* What is required: Find the line that contains "14kt White Gold". Repeat that line and all lines following it, exactly, through the end of the listing below.

* Input for this task:
○ ○ ○
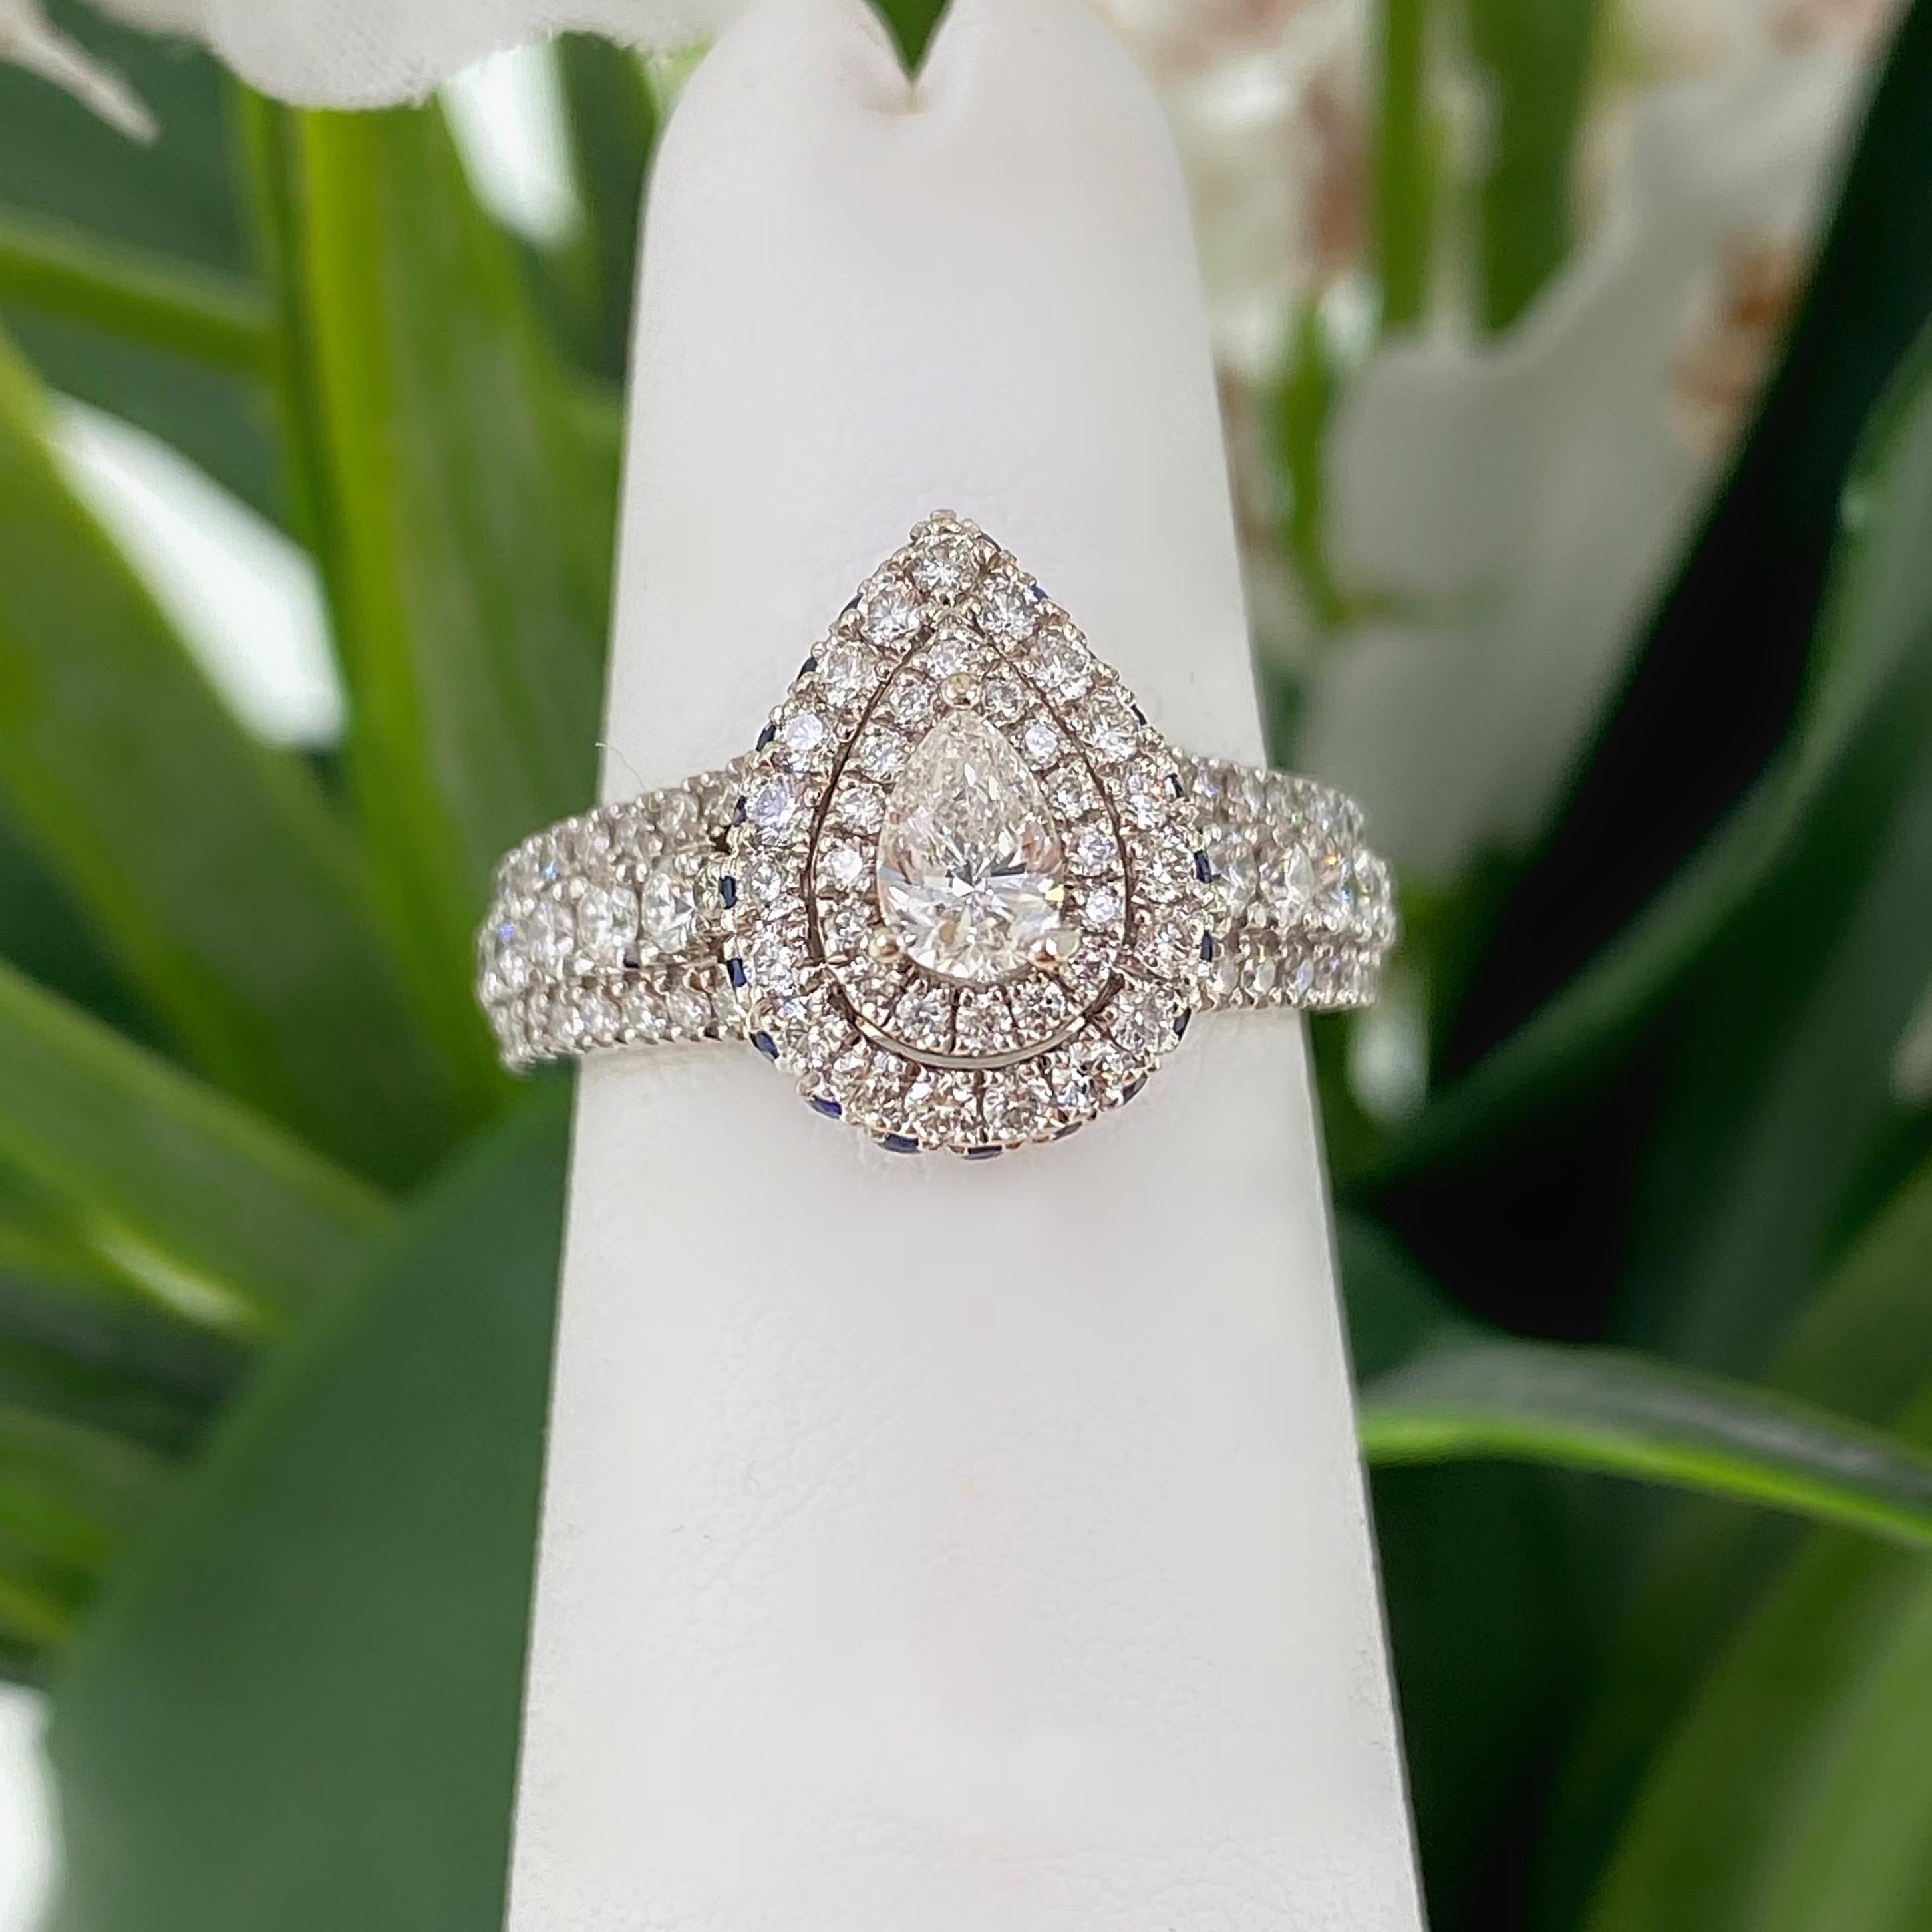 Vera Wang LOVE Collection Double Halo Engagement Ring
Style:  20332385
Metal:  14kt White Gold
Size / Measurements:  4.75 - sizable
TCW:  1.00 tcw
Main Diamond:  Pear Shape Diamond 1/4 cts
Color & Clarity:  I / SI2
Accent Diamonds:   95 Round
○ ○ ○
* Exercise result:
Metal:  14kt White Gold
Size / Measurements:  4.75 - sizable
TCW:  1.00 tcw
Main Diamond:  Pear Shape Diamond 1/4 cts
Color & Clarity:  I / SI2
Accent Diamonds:   95 Round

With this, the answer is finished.